假设我们有一个源字符串:
Humpty dumpty <span id="1">sat</span> on a wall, humpty dumpty had a great fall. All of <span id="two">the kings</span> horses and all the kings men.
以及一个包含多个字符串的列表,每个字符串以新行分隔:
Humpty dumpty sat on a wall, humpty dumpty had a great fall. All of the kings horses and all the kings men.
Humpty dumpty sat on the wall, all of the kings horses and all the kings men.
There is a humpty dumpty who had sat on the wall, and all of the kings horses and all the kings men.
Humpty dumpty sat on some wall, humpty dumpty had a great fall.
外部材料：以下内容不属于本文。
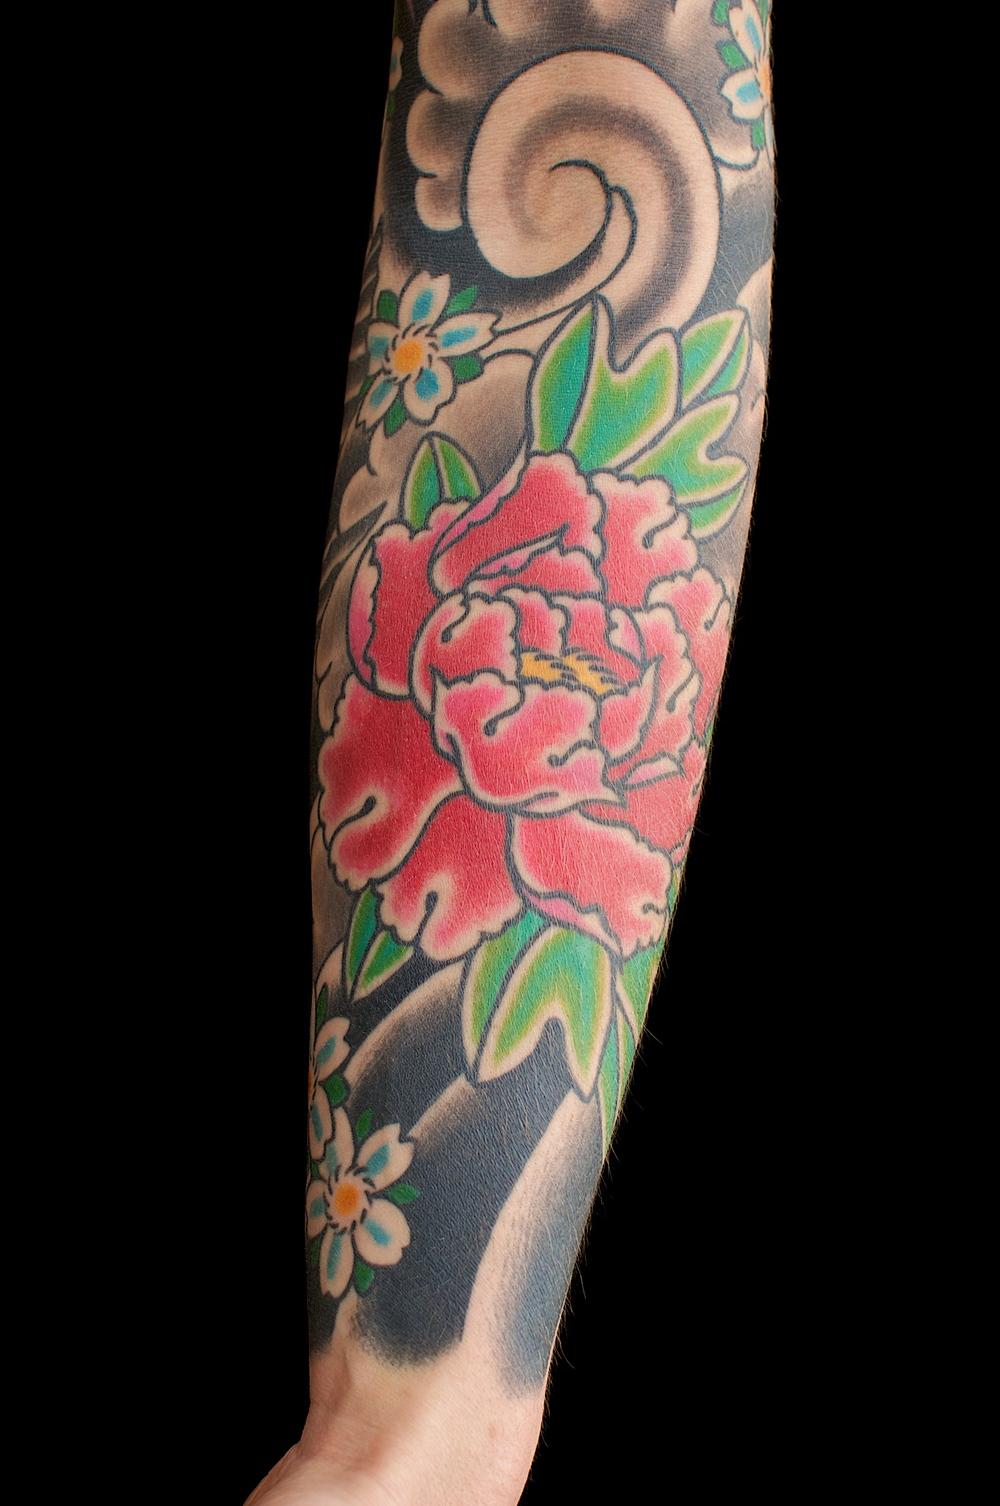 01032012 tattoo 02 25.jpg
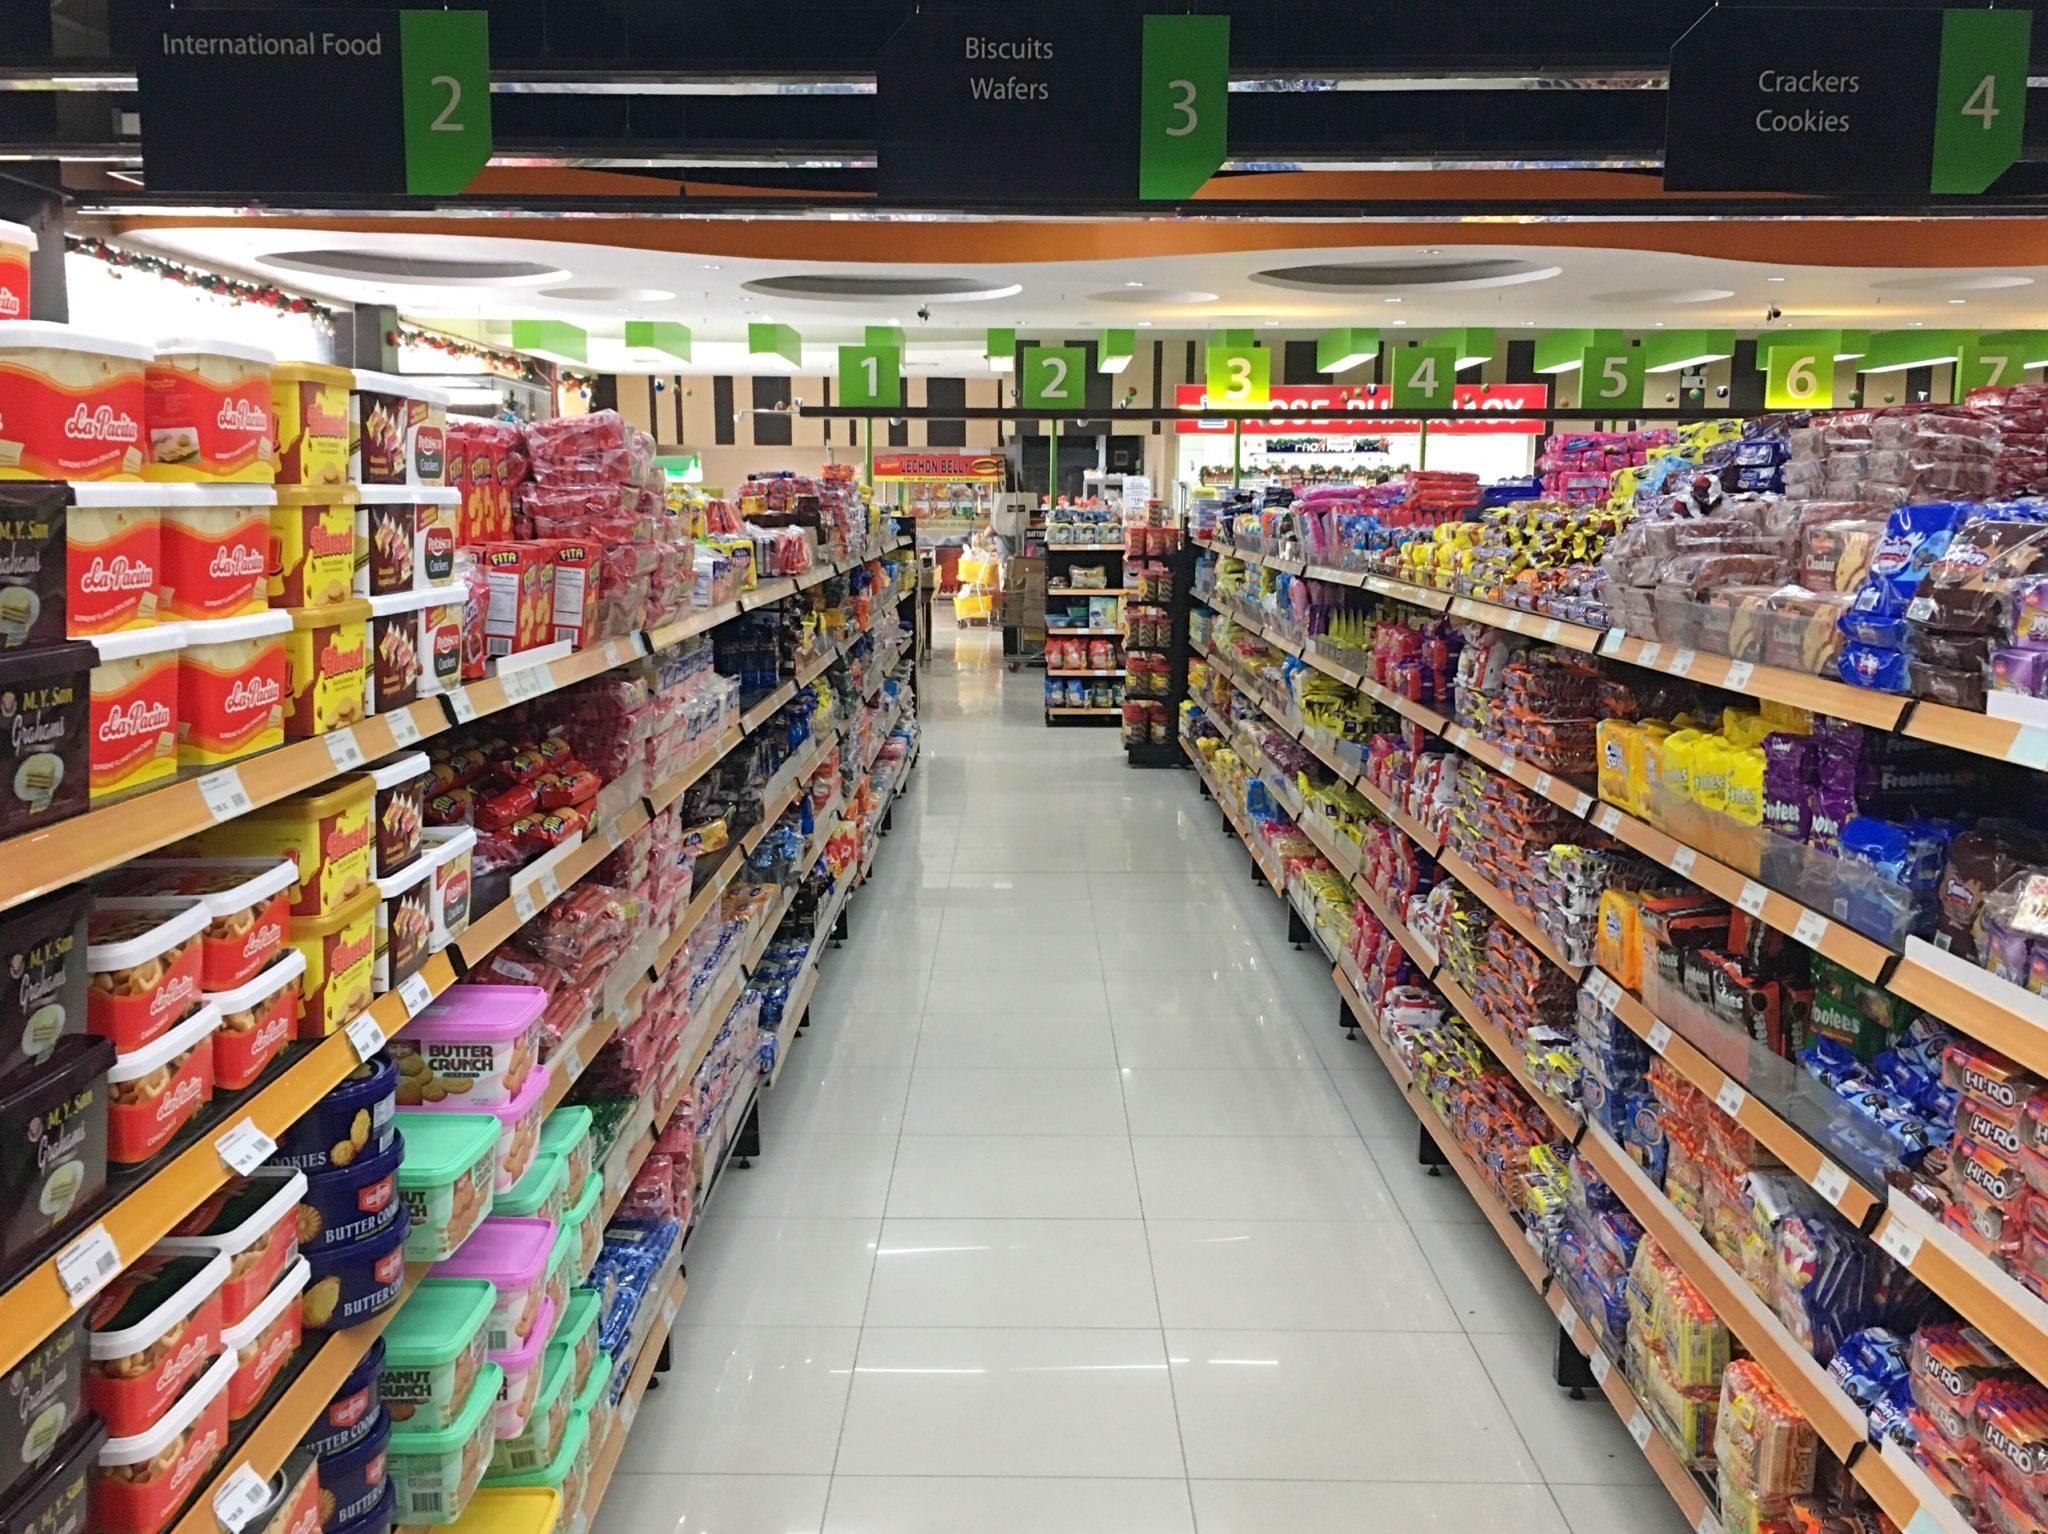 セブ島親子留学のタカハリイングリッシュアカデミー!スーパーマーケットfooda(フーダ)

All of the kings horses and all the kings men couldn't put him together again.
Humpty dumpty this is a completely related sentence.
我们想要能够从目标字符串开始,找出与源字符串最匹配的“其他字符串列表”,并使用 Python 给出源字符串和目标字符串对之间的“得分”,根据这些评分确定哪个字符串与源字符串的匹配度最高。
2、解决方案:
可以使用 PyLevenshtein 模块来查找莱文斯坦距离,并使用该距离来确定字符串之间的相似度。Levenshtein 距离是两个字符串之间必须进行的最少操作数,这些操作包括插入、删除和替换字符。PyLevenshtein 模块提供了计算莱文斯坦距离的函数。
from pylevenshtein import levenshtein
def find_most_similar_string(source_string, other_strings):
"""
Finds the string in the list of other strings that is most similar to the source string.
Args:
source_string: The source string to compare against.
other_strings: A list of strings to compare the source string to.
Returns:
The string in the list of other strings that is most similar to the source string.
"""
# Initialize the minimum Levenshtein distance and the most similar string.
min_levenshtein_distance = float('inf')
most_similar_string = None
# Iterate over the other strings and find the one with the minimum Levenshtein distance to the source string.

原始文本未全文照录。